Brokeback Mountain is arguably considered the best movie made in 2005, even though it didn’t win that year’s Oscar for Best Picture. Director Ang Lee said that the move may have come due to inherent discrimination.

Speaking to IndieWire, Lee was asked whether or not he believes that Brokeback Mountain losing Best Picture to Crash was due to any anti-gay discrimination from the Academy.

“I think so, yeah. Back then, [Brokeback Mountain] had a ceiling. We got a lot of support — up to that much,” Lee said, referring to the film’s Best Director, Best Adapted Screenplay, and Best Original Score Oscar wins. “It has that feeling. I wasn’t holding a grudge or anything. It’s just how they were.”

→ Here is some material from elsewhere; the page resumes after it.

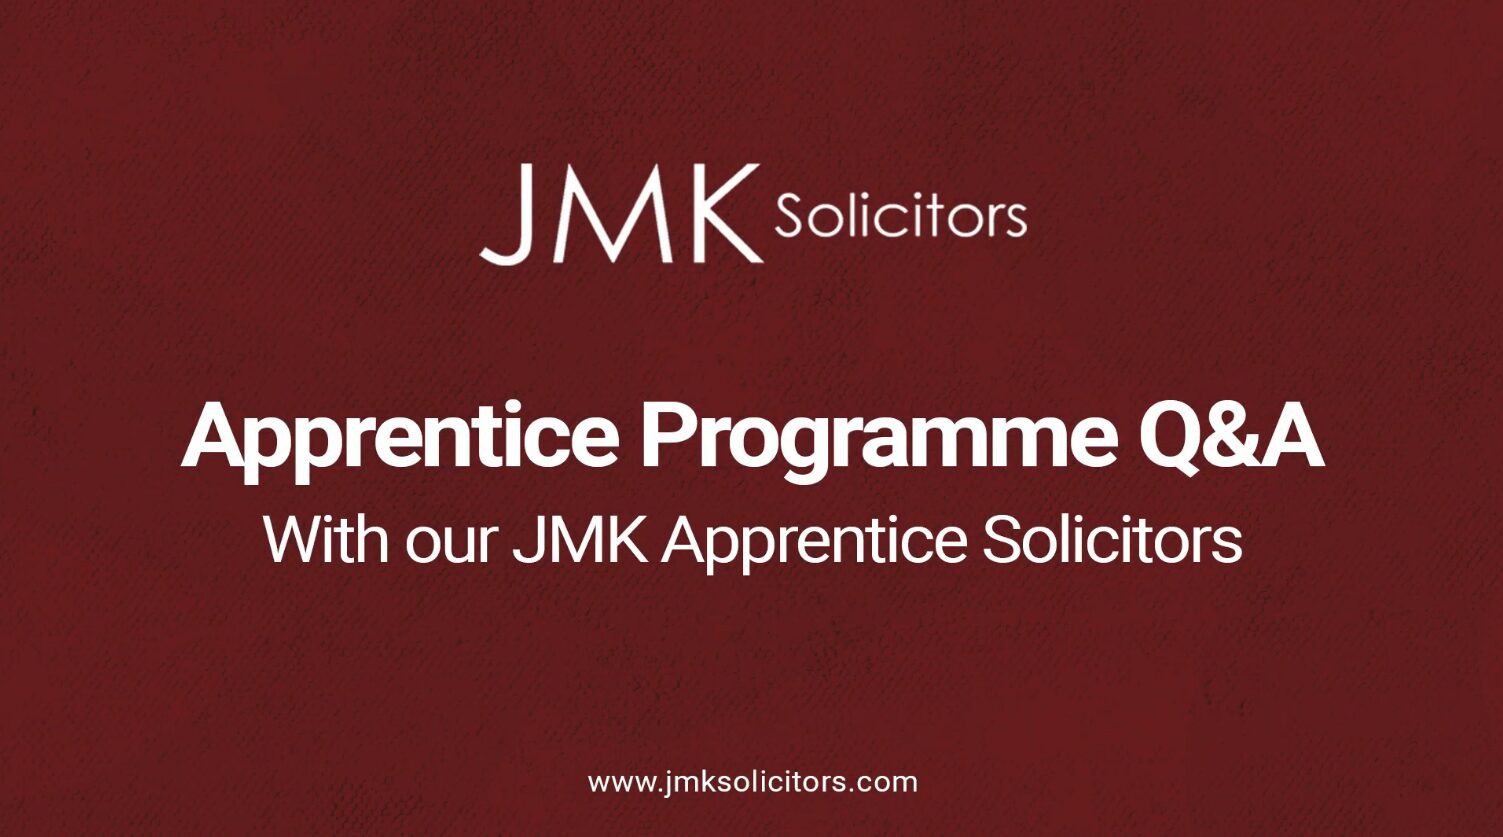 JMK Solicitors Apprentice Programme Q&A

Lee was held on stage in case the film won Best Picture

Despite the movie not going home with the most prestigious Oscar, Lee recalled a funny story of a stage manager making sure he stayed right near the stage after winning Best Director because they assumed he would win Best Picture.

“I got my award, which was [second to] last to the big one, and I was walking off the stage, they called me down, and said, stay here. That’s your mark. Everybody assumes you will win, so stay at that mark,” Lee explained. “Right next to the stage was the curtain. The next was Best Picture. Stay here, just stay here. I saw Jack Nicholson, his profile, he opened the envelope, and I go, ‘Oh my god, oh my god.’ It took like 10 seconds before he announced, and then he went, ‘Crash.’”

Despite the film’s Best Picture loss, it remains one of the most influential films of this generation and is often seen as a big reason for the advancement of queer cinema into the mainstream.